Little sweet nothings

I have arrived. The glamour, fame and glory of being a humble blogger widens your waist, eats up your time, but also occasionally offers a freebie.

I have been invited to a 'VIP cooking party' with a charming Italian chef Francesco Mazzei, of acclaimed restaurant L’Anima: to learn the authentic dough spinning, to glug free prosecco and‏ make your own pizza creations. The event was organised as a promotion of six new pizza recipes that a certain long-standing pizza chain had just introduced...the Pizza Express.

We are being shown how to flip your pizza dough (love the weird picture!)

Nothing's wrong with Pizza Express, you understand. And even though my standards - for pizzas, men and otherwise - have somewhat moved on from when I used to frequent this establishment some 10 years ago, I have some warm memories of this place. Monday Jazz evenings, in Watford were when me and my then-boyfriend used to go out for a bit of 'class'... I remember genuinely enjoying the polished fake-marble tables, posh salad Nicoise and a gentle and undefined ramble of Jazz.

My pizza: mushrooms, truffles and peppers

So, what was my first blagger-blogger event was like? It was actually a lot more lively and tasty that I had anticipated in my up-my-nose mood. Free Prosecco flew flawlessly, organisation was seamless (they had even thought of pre-preparing pizza bases for us to rescue our botched attempts in pizza-base making) and pizzas were good (mine having lots of mushrooms and some truffle paste, which - surprise and horror - was the first time that I tried. I get it now).

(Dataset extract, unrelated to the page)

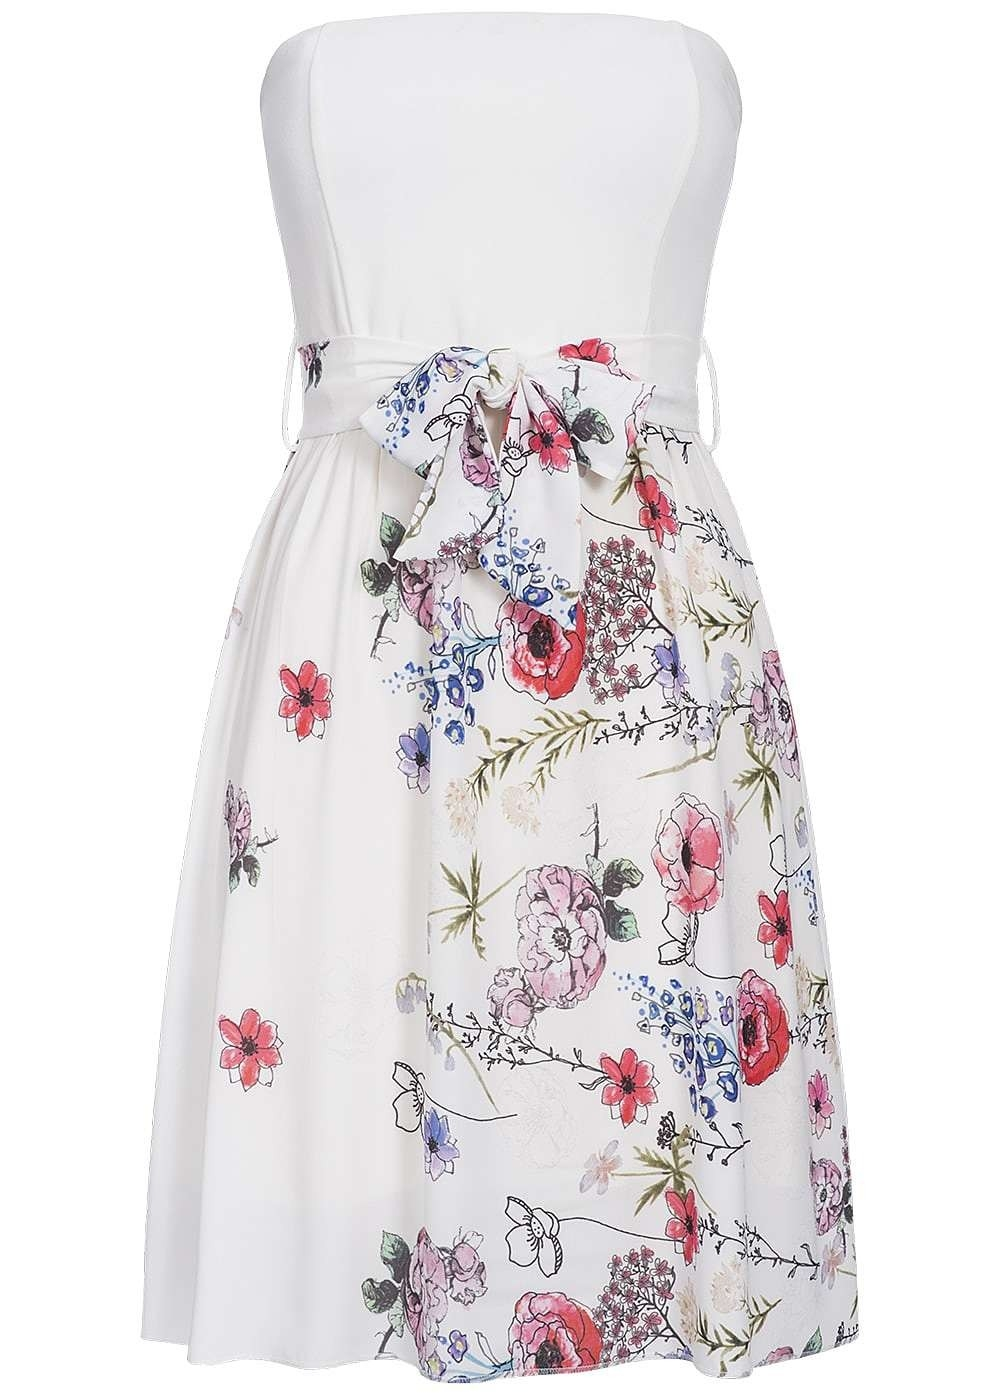 15 Elegant Kleid Weiß Mit Blumen Boutique15 Top Kleid Weiß Mit Blumen Ärmel
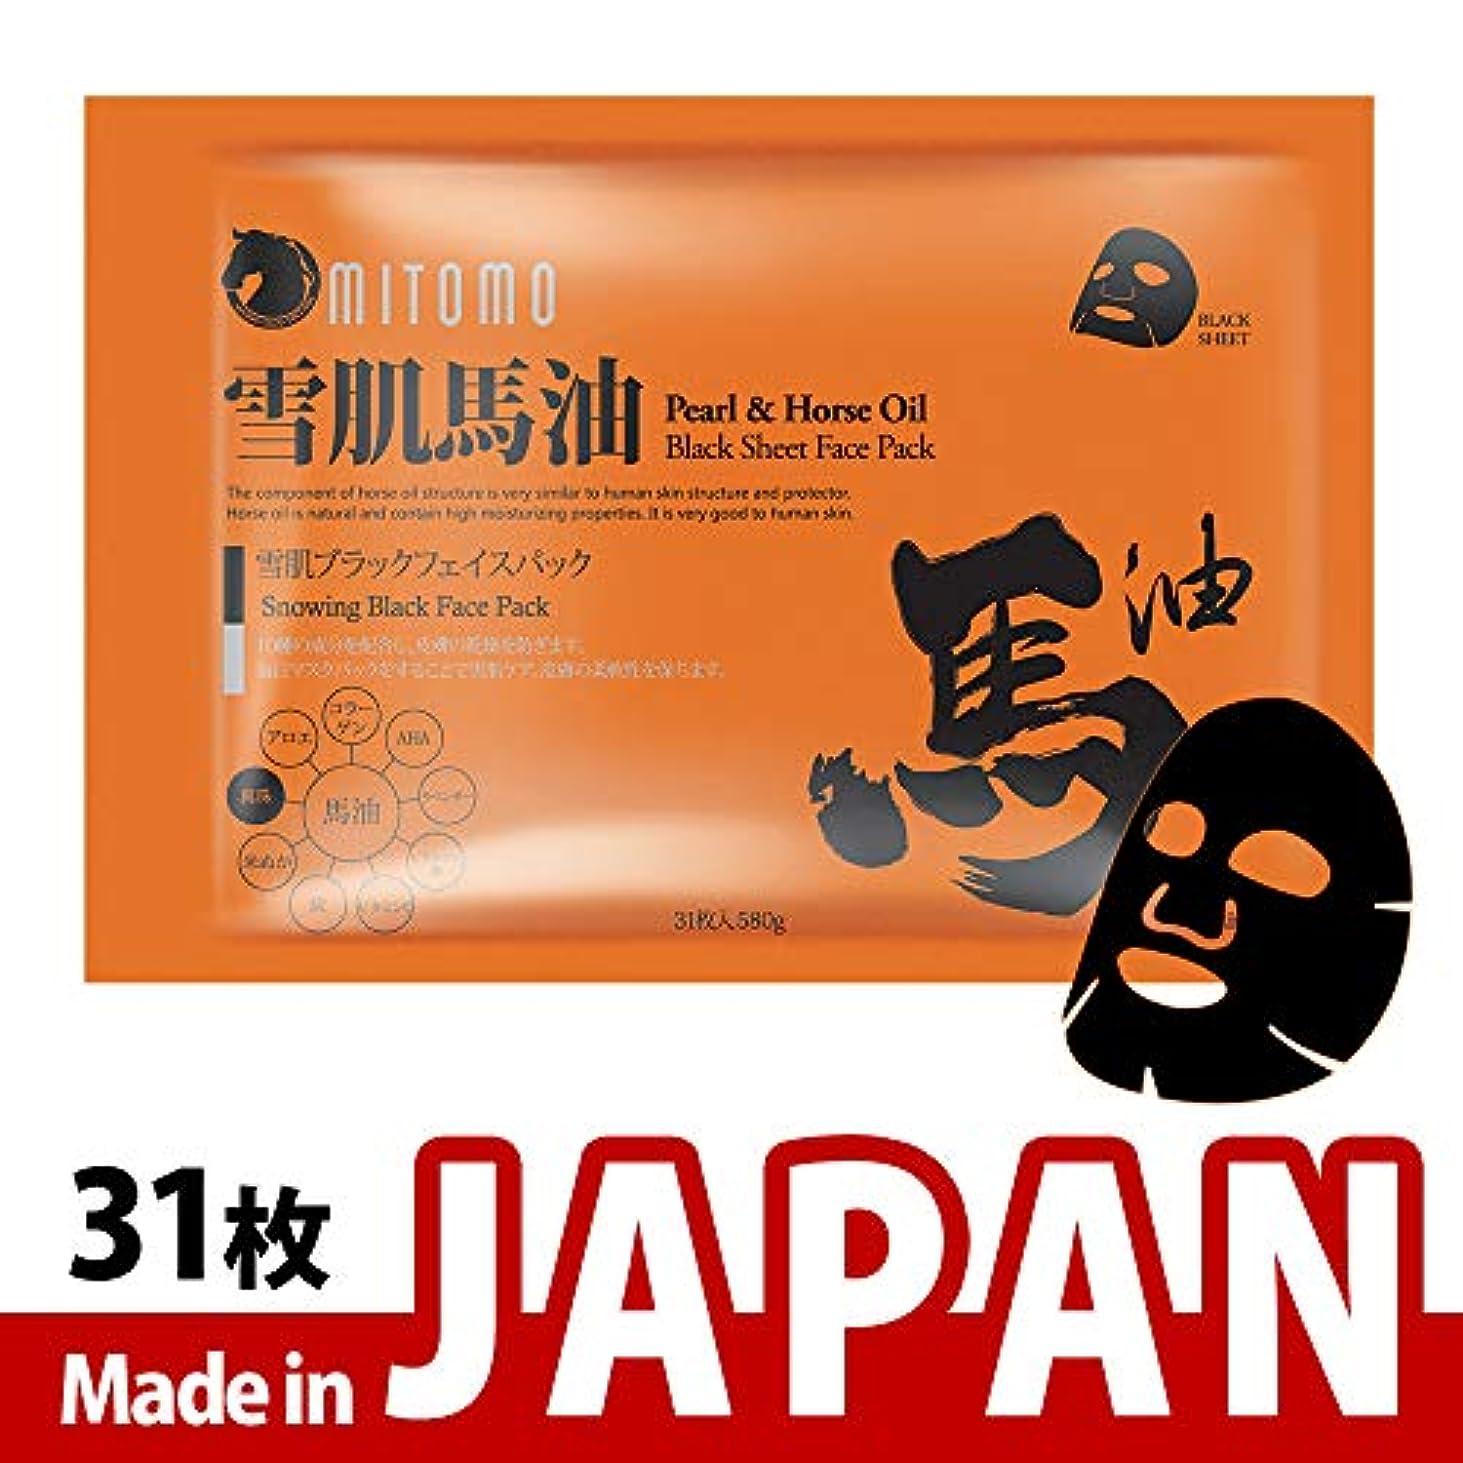 商品避けられない少年【MC740-C-1】雪肌ブラックフェイスパック /31枚入り/31枚/美容液/マスクパック/送料無料

Ms Marmite of the famed underground restaurant and her lovely daughter

But the best bit for me came surprisingly at the very in the shape of little dolcetti - 'small but perfectly formed desserts' that accompanied coffees. Such treats as a mini lemon tart with meringue or a scoop of coffee gelato are officially on Pizza Express's menu for £3.50.

Why was I so pleasantly shocked? Not because of the taste - which was ok - but because finally, after my years of moaning that restaurants are only able to offer the unsubtle choice of either a big pud or unsatisfying coffee at the end of a meal, it is Pizza Express out of all places that recognised my need to have something sweet but little after my dinner, to make me feel both indulged and virtuous.

Thank you, good old Pizza Express, the nights of jazz, posh nosh and little sweet nothings are maybe not over after all.